What needs to be done:
Leave out any picture and return the remaining listing below exactly as given.

Material provided:
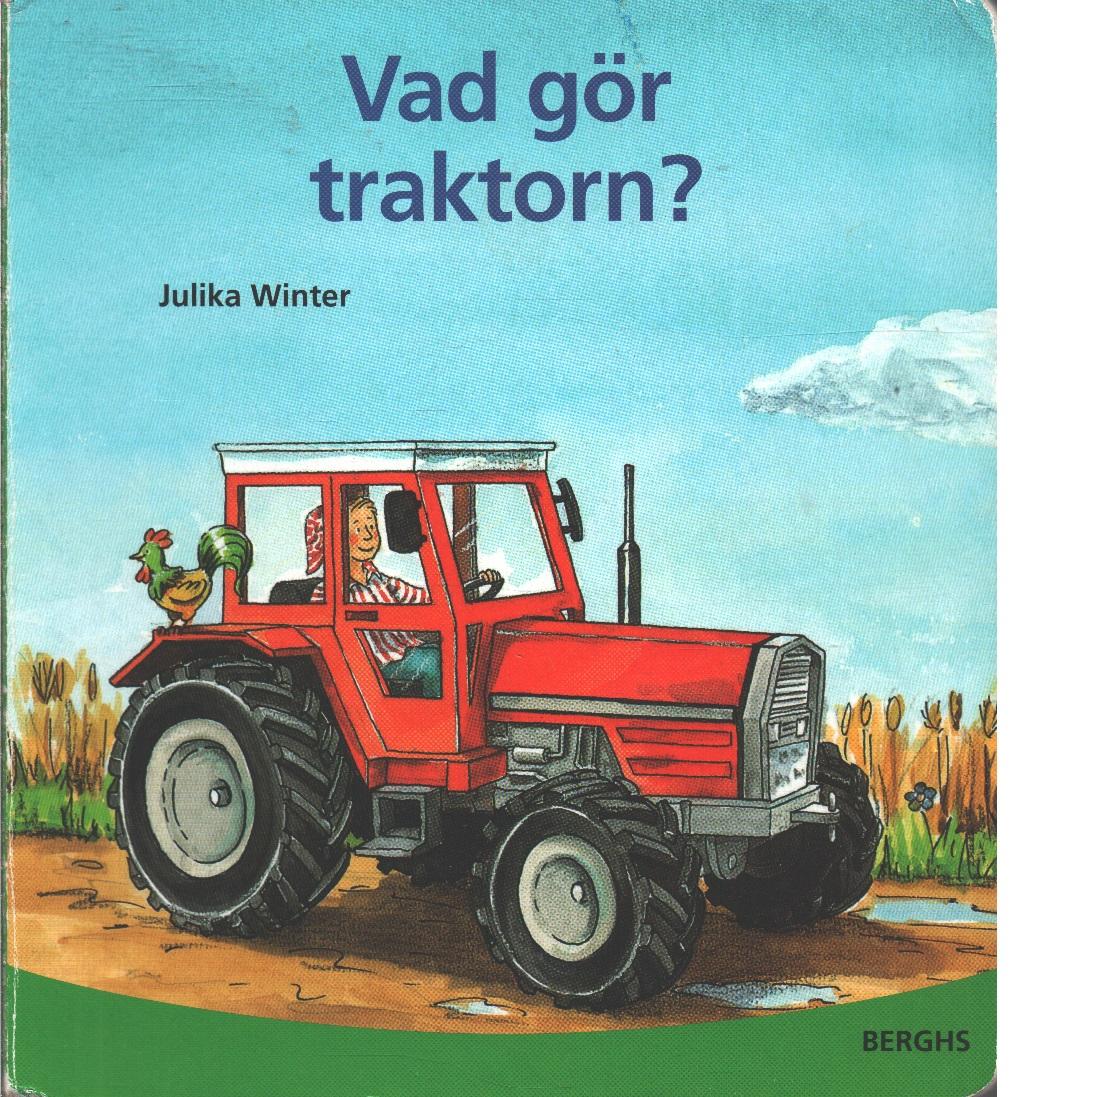 Vad gör traktorn? - Winter, Julika
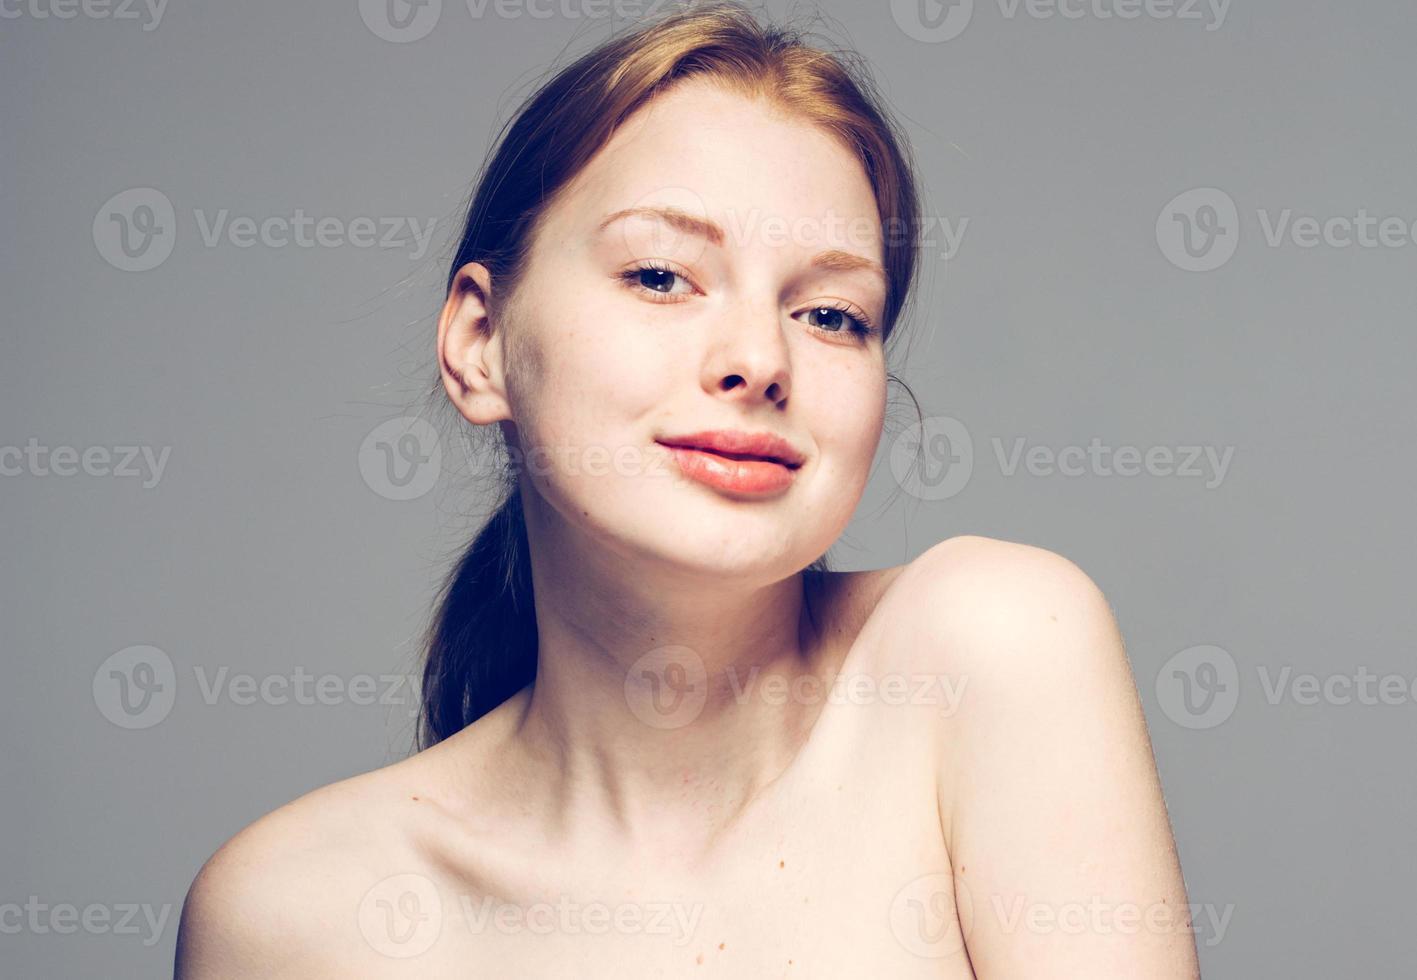 retrato de rosto de mulher bonita jovem em fundo cinza foto
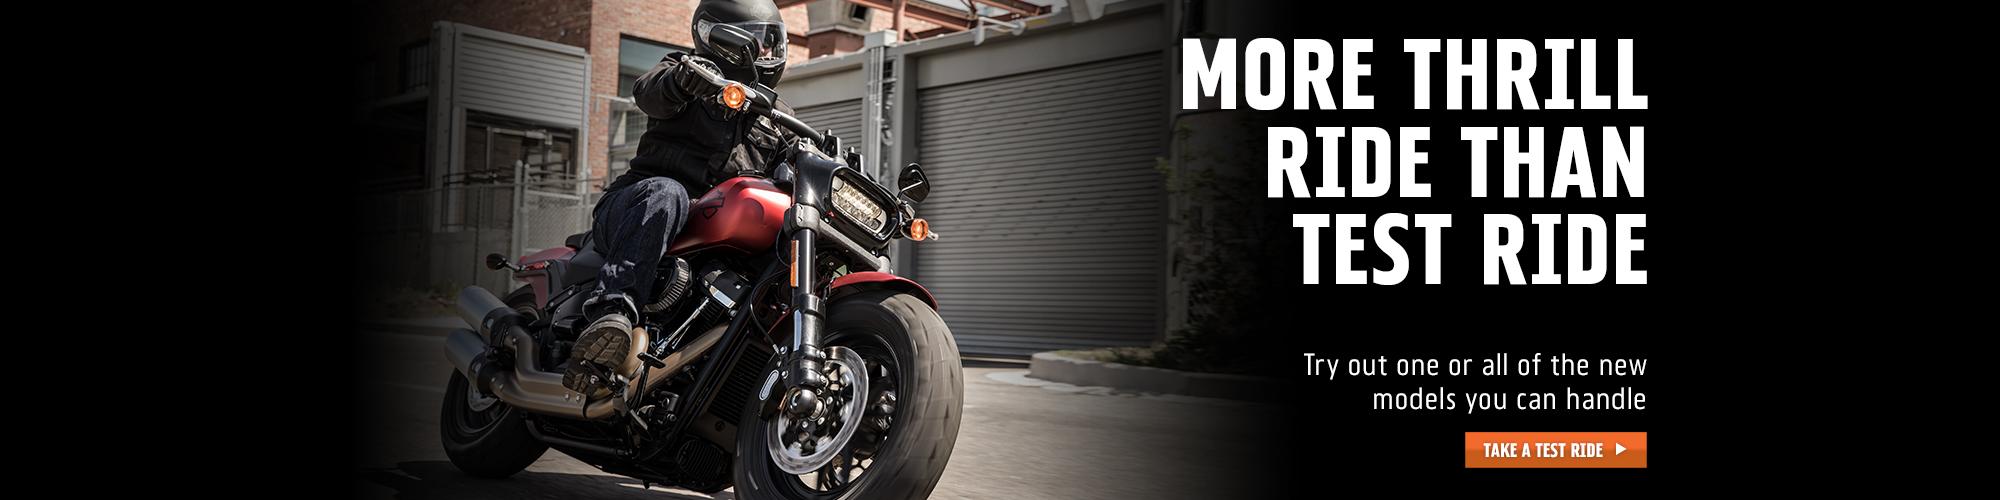 Harley-Davidson More Thrill Than Test Ride at Bull Falls Harley-Davidson

Solution for this problem:
 Vad gör traktorn? - Winter, Julika
 retrato de rosto de mulher bonita jovem em fundo cinza foto
 Harley-Davidson More Thrill Than Test Ride at Bull Falls Harley-Davidson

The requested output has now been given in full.